## [Exercise details]
The expected output is the full data, repeated exactly, without pictures.

## [Data shown]
BEGIN
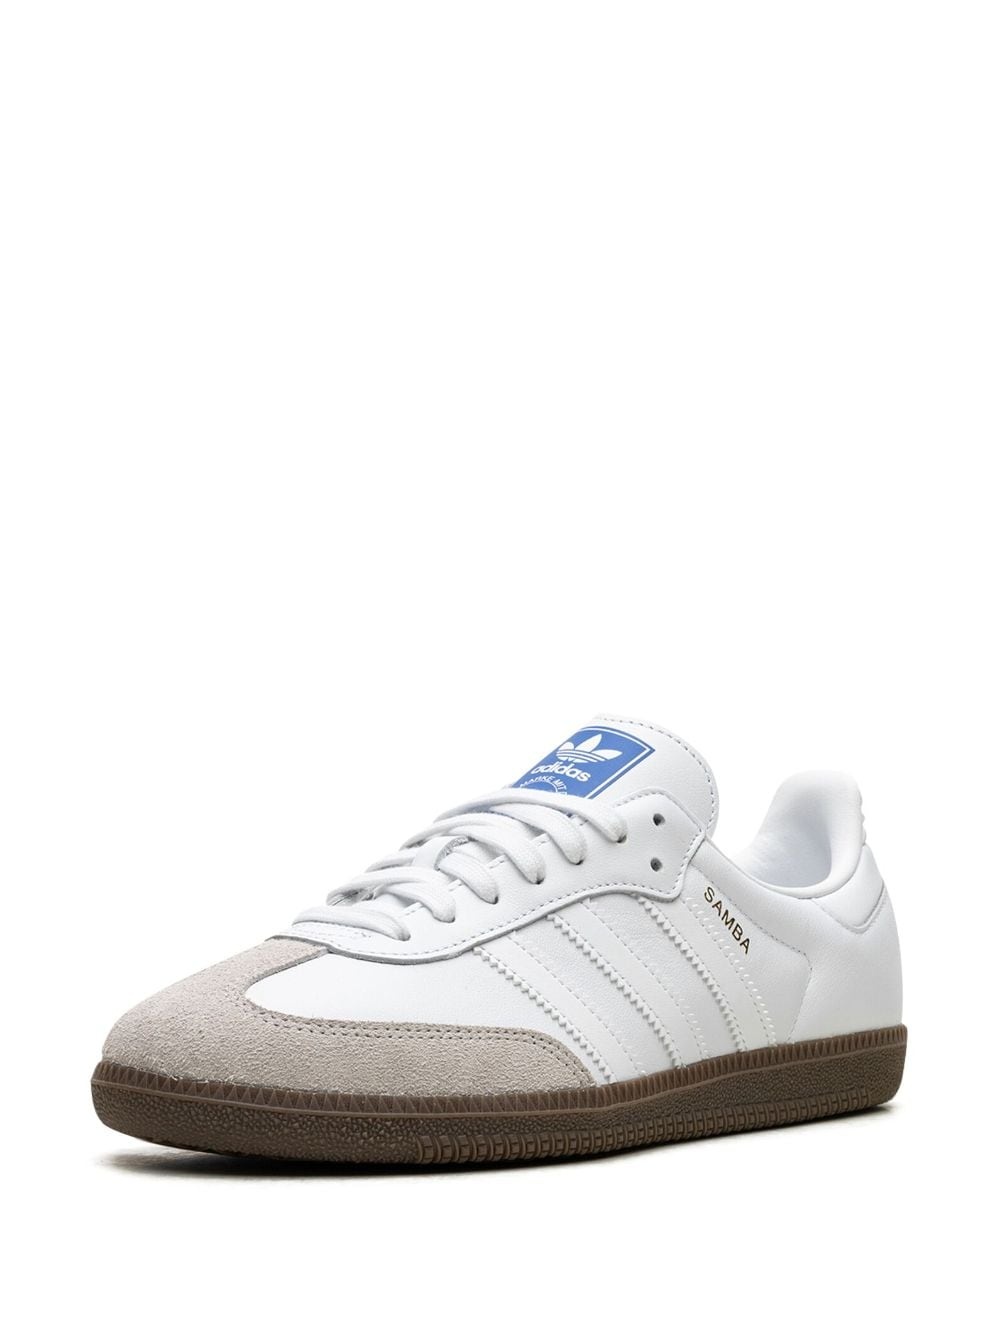 Samba OG "Double White Gum" sneakers - 4
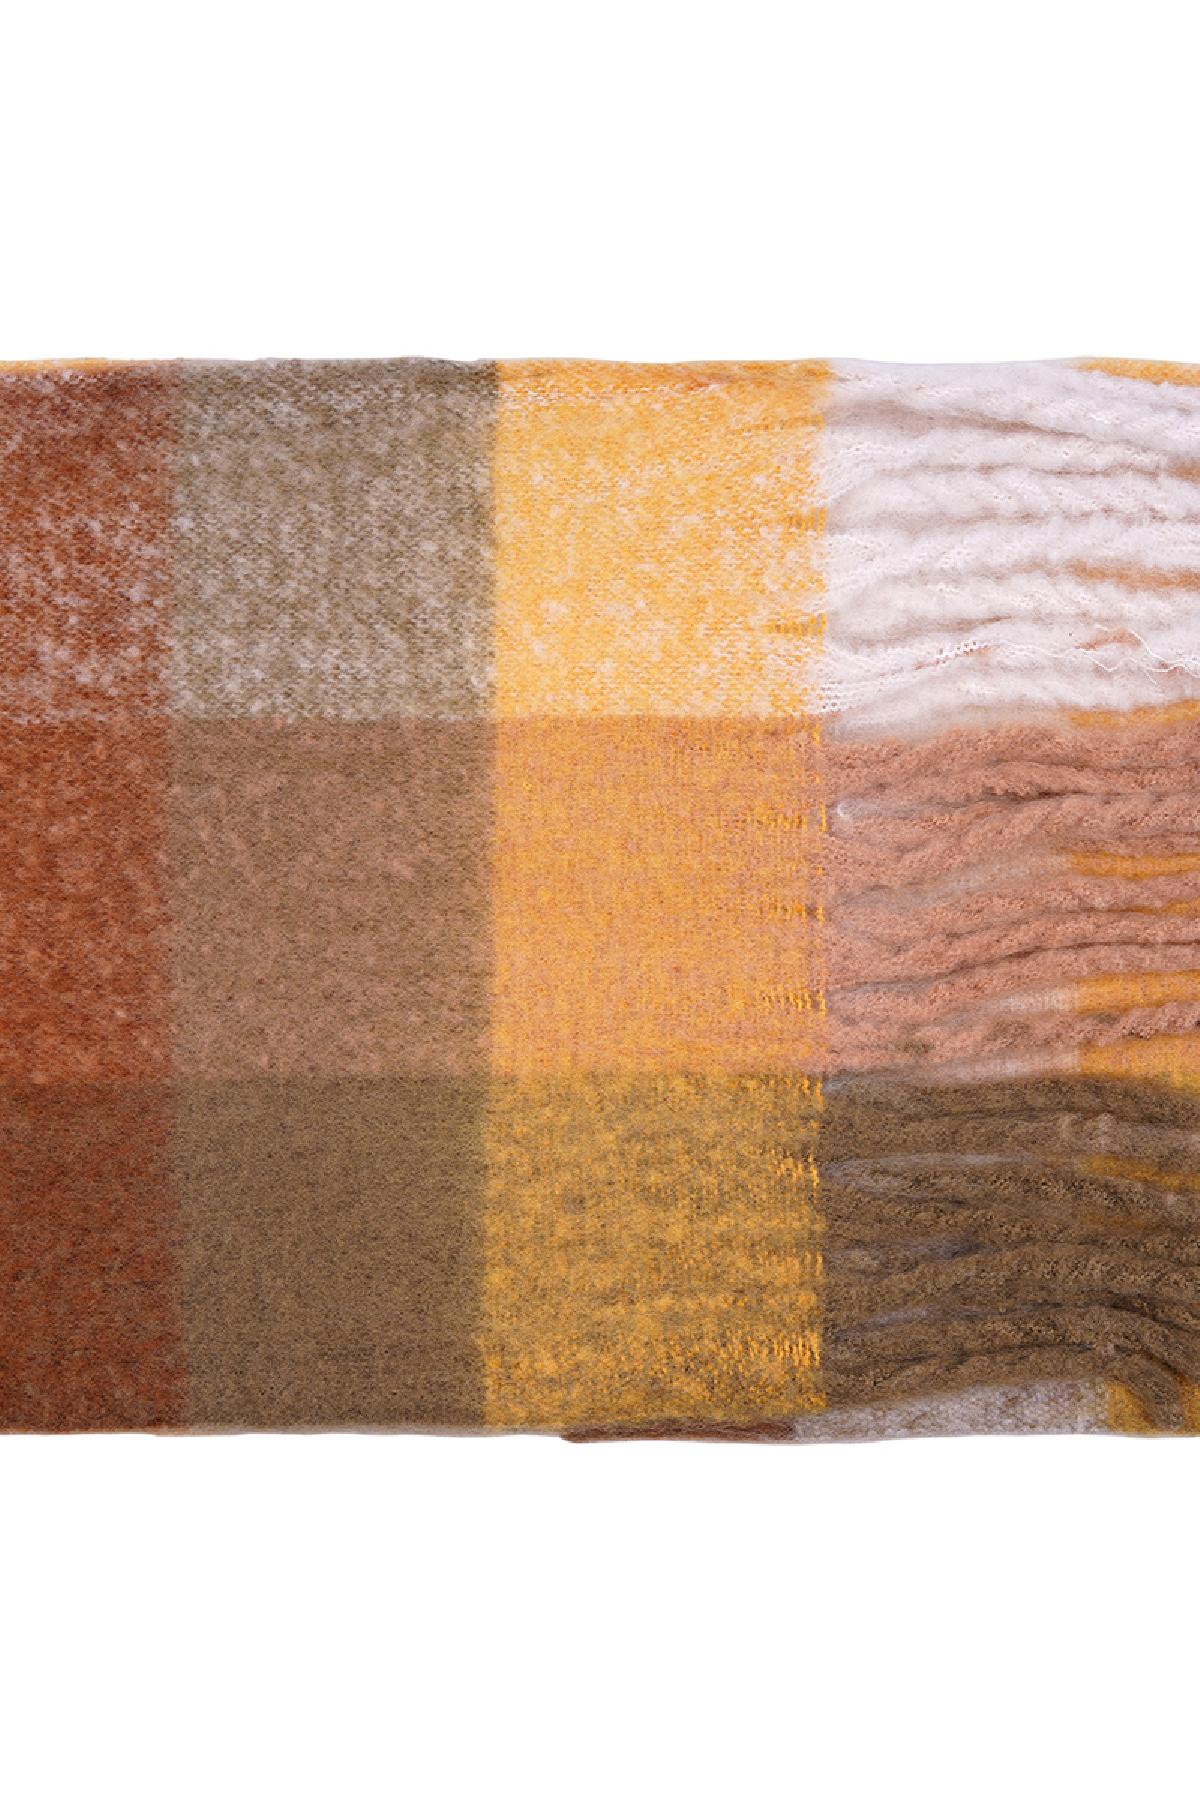 Wintersjaal geruite kleuren Beige & Geel Polyester h5 Afbeelding2
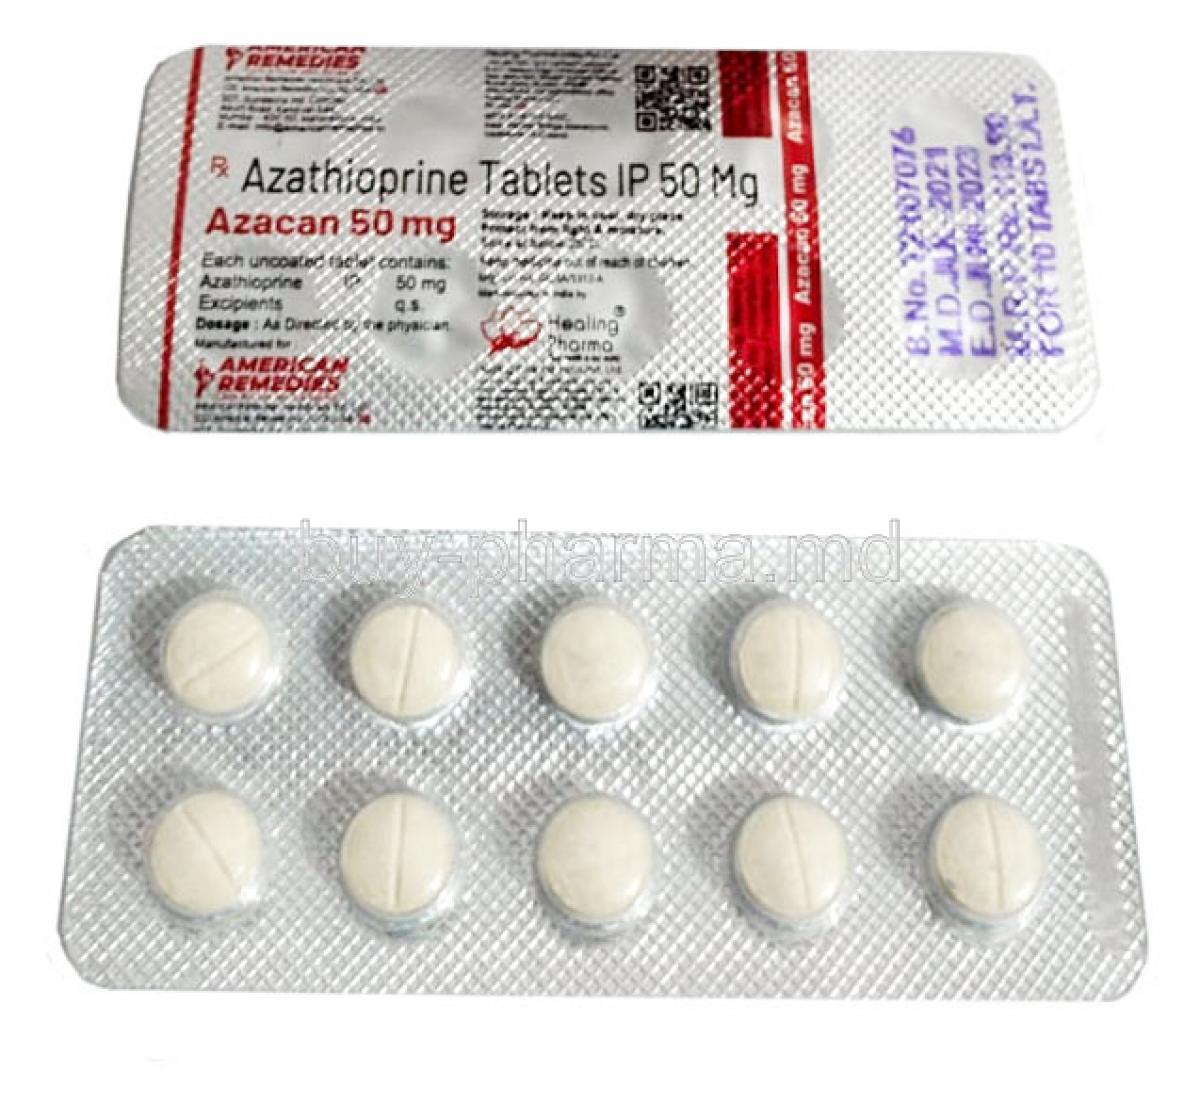 Azacan 50mg, Azathioprine, 50mg, Tablet, Blisterpack informaion
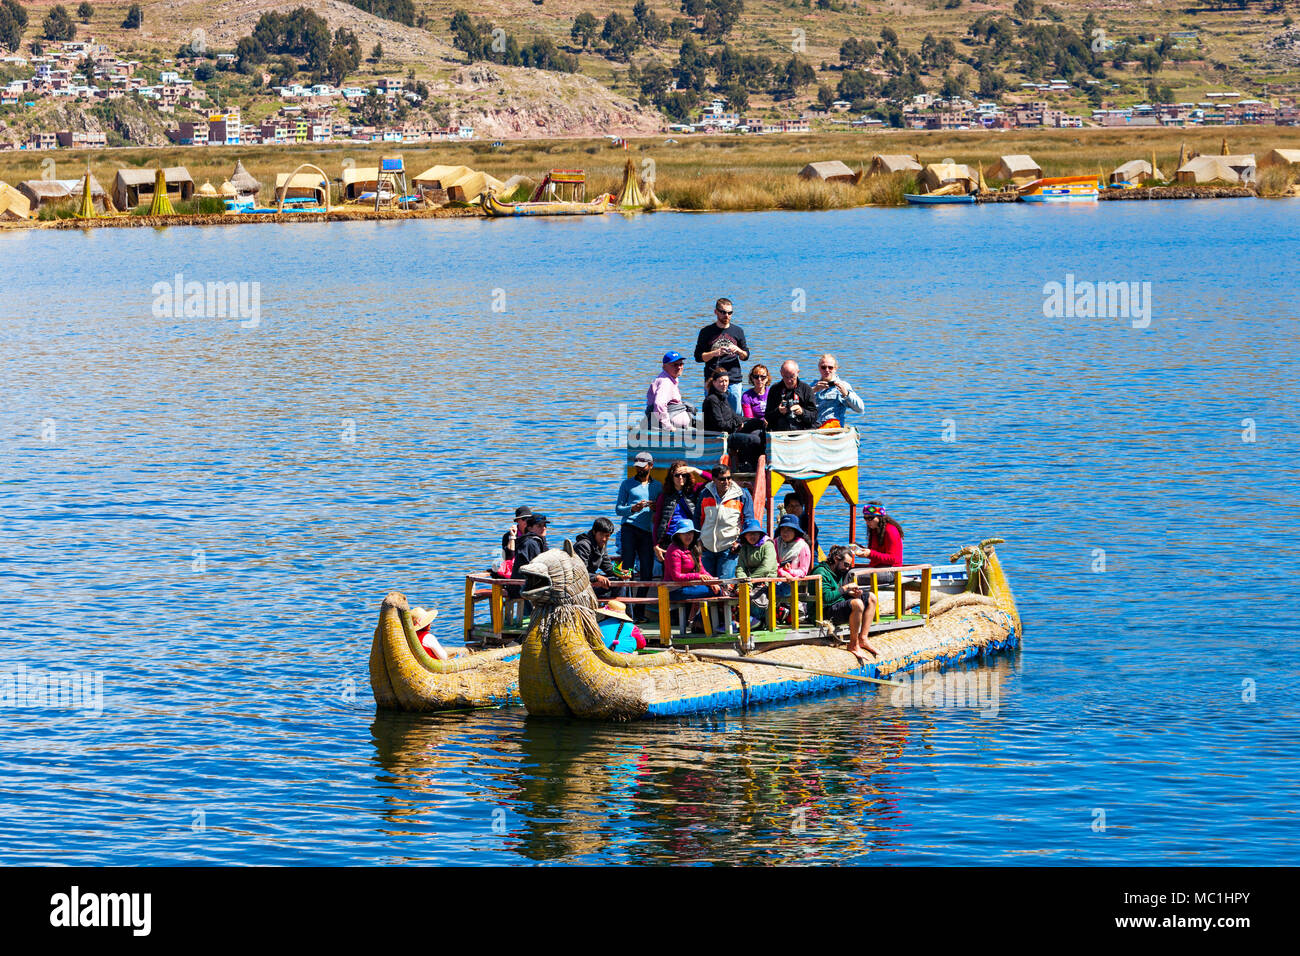 PUNO, PERU - MAY 14, 2015: Unidentified tourists in Totora boat, Titicaca lake near Puno, Peru Stock Photo
END
## [Solution to this problem]
 Samba OG "Double White Gum" sneakers - 4
 Wintersjaal geruite kleuren Beige & Geel Polyester h5 Afbeelding2
 Azacan 50mg, Azathioprine, 50mg, Tablet, Blisterpack informaion
 PUNO, PERU - MAY 14, 2015: Unidentified tourists in Totora boat, Titicaca lake near Puno, Peru Stock Photo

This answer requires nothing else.